US stepping up pressure on Beijing in South China Sea
Jan 27, 2022
Washington [US], January 27 : Amid military rivalry between Washington and Beijing in the South China Sea, the United States is demonstrating a growing appetite to challenge China's naval assertiveness in the area, according to media reports.
Asia Times reported that several Asia leaders had feared the US may pull back on its strong approach to China after Donald Trump was voted out of office, but the opposite has happened. After Joe Biden's victory in the 2020 presidential elections, a degree of panic gripped a number of US allies in Asia.
Earlier this month, the USS Carl Vinson conducted five-day naval drills with the Essex Amphibious Ready Group (ARG) near the hotly disputed Spratly group of islands in the South China Sea, Asia Times reported on Wednesday.
The exercises kicked off two weeks earlier than last year, demonstrating a growing appetite in the Pentagon to challenge China's naval assertiveness in the area, it added.
Beijing has been disputing for decades the status of a number of territories in the South China Sea to which it lays claim, primarily the Paracel and Spratly islands, and the Scarborough Shoal.
China considers the Spratly archipelago to be its territory, despite the Hague-based Permanent Court of Arbitration ruling which said there was no legal basis for China's maritime claims.

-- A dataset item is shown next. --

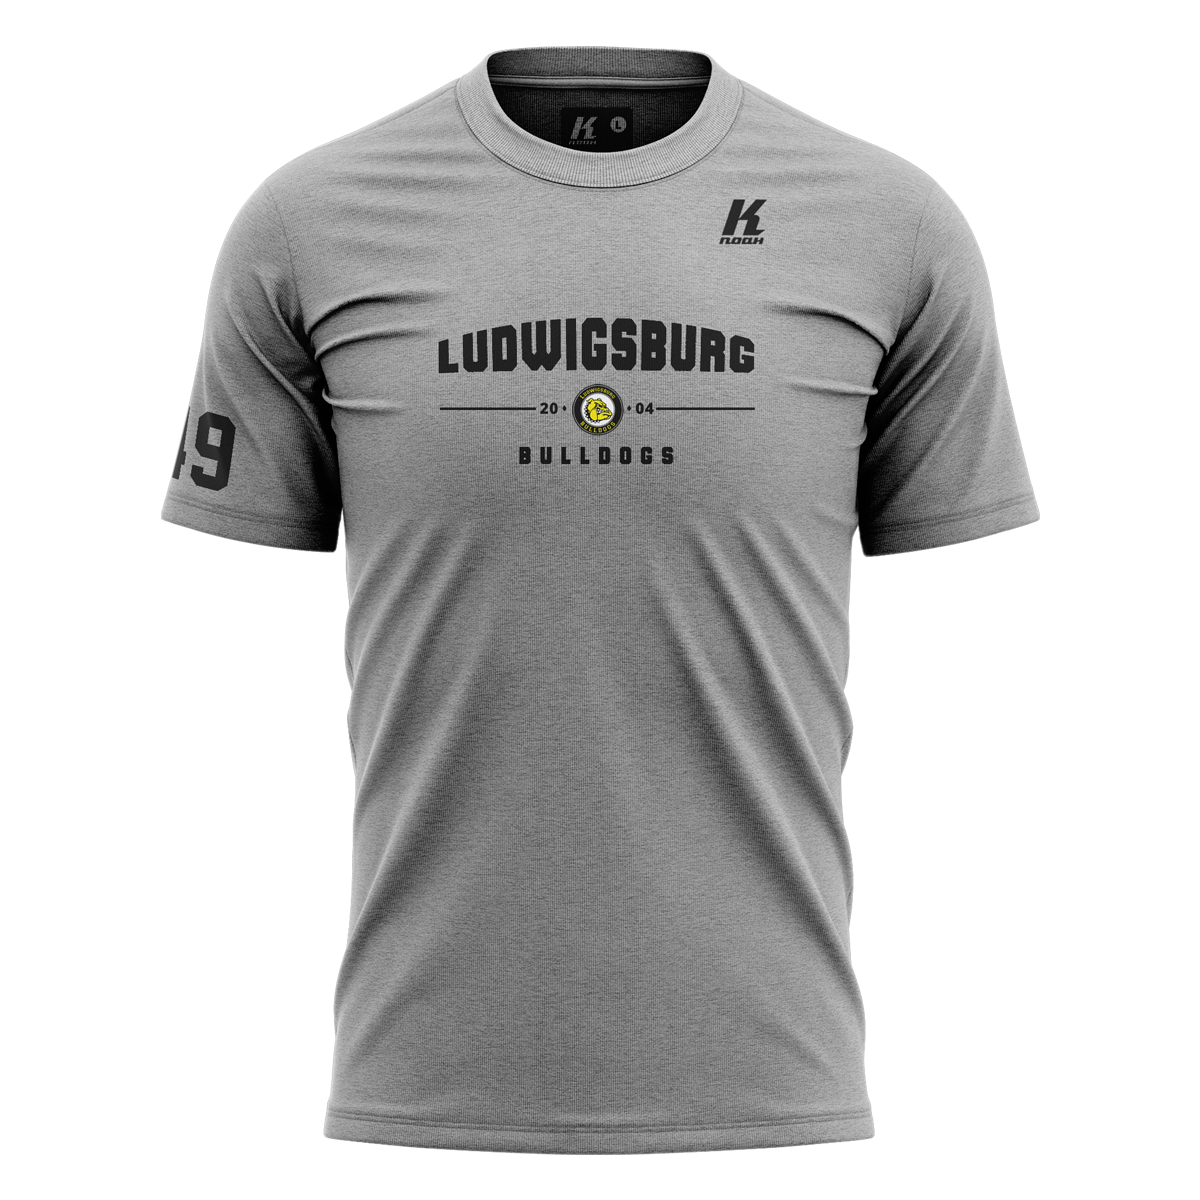 LB-Bulldogs Wordmark Tee grey 190g. with Playernumber/Initials

On last Sunday, US aircraft carriers entered the SCS "to begin operations" amid heightened tensions arising between China and Taiwan.
The US Navy Carrier Strike Groups Carl Vinson and Abraham Lincoln will engage in operations aimed at strengthening maritime integrated-at-sea operations and combat readiness, according to a statement from the US Navy.
"Our ability to rapidly aggregate and work collectively alongside CSG 3, highlights the U.S. Navy's ability to deliver overwhelming maritime force, when called upon, to support a free and open Indo-Pacific region," Rear Admiral Dan Martin, commander of the strike group led by USS Carl Vinson, said in a statement.
Reiterating Washington's stand against China's "unlawful" maritime claims in the region, The acting US Deputy Assistant Secretary of State for Oceans, Fisheries, and Polar Affairs has said that China has not provided any legal basis for its claims in the South China Sea (SCS).
China's claim of a wide swathe of the South China Sea is inconsistent with the 1982 Law of the Sea Convention, according to the US State Department.